USADA announced today that a three-member panel of the American Arbitration Association (AAA) has rendered its decision in the case of track & field athlete Brianna Rollins, of Los Angeles, Calif., and has determined that Rollins should receive a 12-month sanction for failing to properly file Whereabouts information.

Rollins, 25, is a member of the USADA Registered Testing Pool, which consists of a select group of athletes who are subject to certain Whereabouts requirements in order to be located for out-of-competition testing. In 2016, Rollins received a Whereabouts Failure from the International Association of Athletics Federations (IAAF) for being unavailable for testing on April 27, 2016. Later in the year, Rollins received another Whereabouts Failure from USADA for not being available for testing on September 13, 2016. She then received a third Whereabouts Failure from the IAAF for not being available for testing on September 27, 2016. Outside of these Whereabouts Failures, Rollins completed eight out-of-competition tests over the course of 2016. However, under the rules of international Olympic sport, including the IAAF Anti-Doping Policy, the United States Olympic Committee National Anti-Doping Policies, and the USADA Protocol for Olympic and Paralympic Movement Testing (the USADA Protocol), all of which have adopted the World Anti-Doping Code, the combination of three Whereabouts Failures within a 12-month period constitutes a rule violation.

As is every athlete’s right under the USADA Protocol, Rollins challenged the case in a live hearing before independent arbitrators. The AAA panel, whose members are also members of the North American Court of Arbitration for Sport (CAS), began Rollins’ 12-month period of ineligibility on December 19, 2016, the date on which USADA formally notified Rollins of her potential rule violation. As a result of the rule violation, Rollins’ competitive results obtained on and subsequent to September 27, 2016, the date of her third Whereabouts Failure, have been disqualified, and any medals, points, and prizes are forfeited.

View AAA Decision Here

This decision, as well as other arbitral decisions, can be found here.

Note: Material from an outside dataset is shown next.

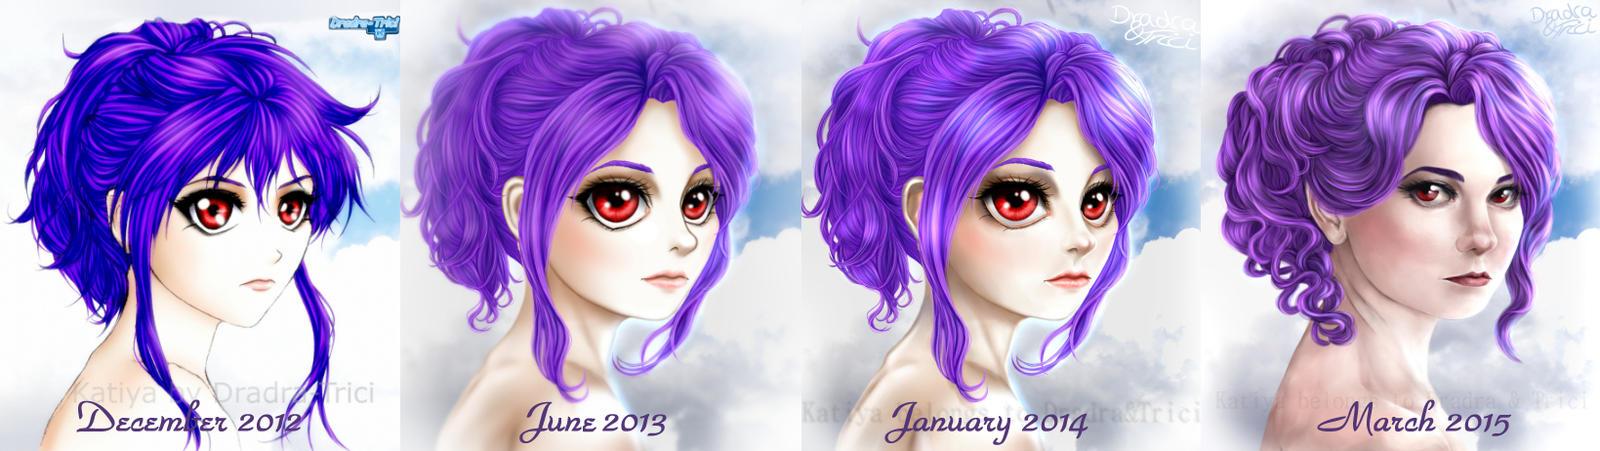 Katiya's face - Timeline by Dradra-Trici

Accurate Whereabouts information is crucial for effective out-of-competition testing, which helps deter and detect doping by enabling no-notice sample collection. This is especially important because some prohibited substances have limited detection windows. In an effort to help athletes understand and fulfill their Whereabouts requirements, USADA conducts in-person and online educational sessions with athletes, sends email reminders about filing dates and obligations, maintains online and app-based filing and updating platforms, and gives athletes the option to receive daily and weekly reminders of their provided  Whereabouts information.

USADA is responsible for the testing and results management process for athletes in the U.S. Olympic and Paralympic Movement, including foreign athletes competing, training, or living in the U.S. USADA is equally dedicated to preserving the integrity of sport through research initiatives and educational programs.